# USCCA hosting a "Gun of your dreams" giveaway



## Kauboy (May 12, 2014)

I received an email from DefensiveCarry.com informing me of a drawing hosted by the U.S. Concealed Carry Association. The drawing is for 10 winners to receive gift cards valued at $1,500 each to be used toward the purchase of your dream gun, or ammunition.
I read through the small list of rules, and they intentionally seek to protect the identity of any who enter or win. The rules state that all winners agree to have their first name, last initial, and state posted on their site where they announce winners, and specifically point out "We publish this limited information to protect your identity and announce the winners."

I felt comfortable with their legalese, so I went ahead and dropped in my email. I'm sure I'll get spam, but I didn't sign my life away.

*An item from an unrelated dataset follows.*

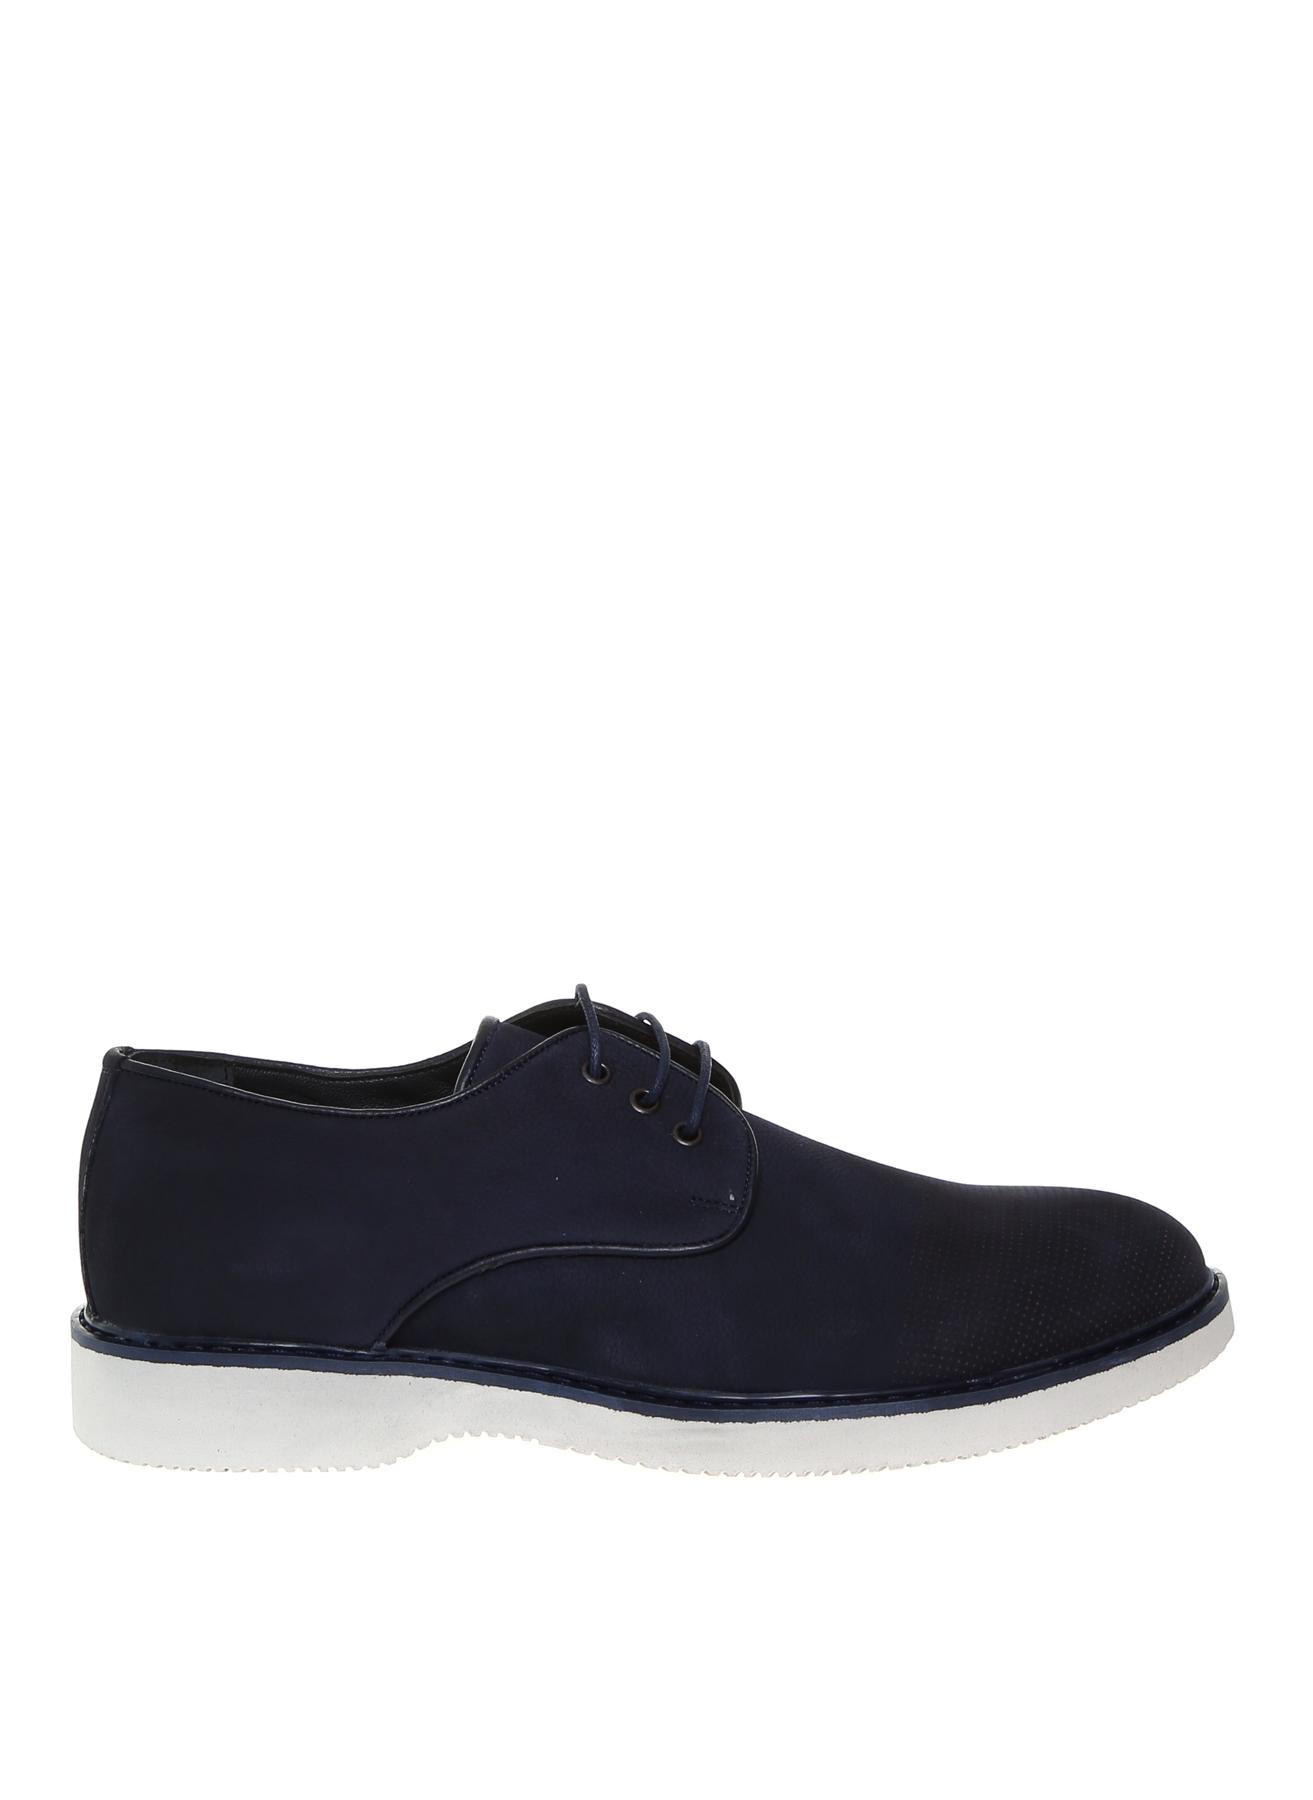 44 Koyu Lacivert Fabrika Erkek Nubuk Klasik Ayakkabı 5001909946005 & Çanta

If you want to enter, here's the link: https://www.usconcealedcarry.com/offers/58ac6d4b609a5/gun-of-your-dreams-giveaway

Good luck!


----------



## RedLion (Sep 23, 2015)

Yeah they do this every few months. If you listen to Hannity, he will advertise for this give away when it is active.


----------



## Kauboy (May 12, 2014)

After entering, I found that they're running an Expo this weekend in Fort Worth!
$25 later and I've got my 3-day pass, an event knife waiting for me at the door, automatic entrance into another giveaway, and plans for the wife and I Saturday night. :tango_face_grin:
The event is happening at the Fort Worth Convention Center, and the whole event is carry-friendly.
It will be the safest place in Texas for the next 3 days.


----------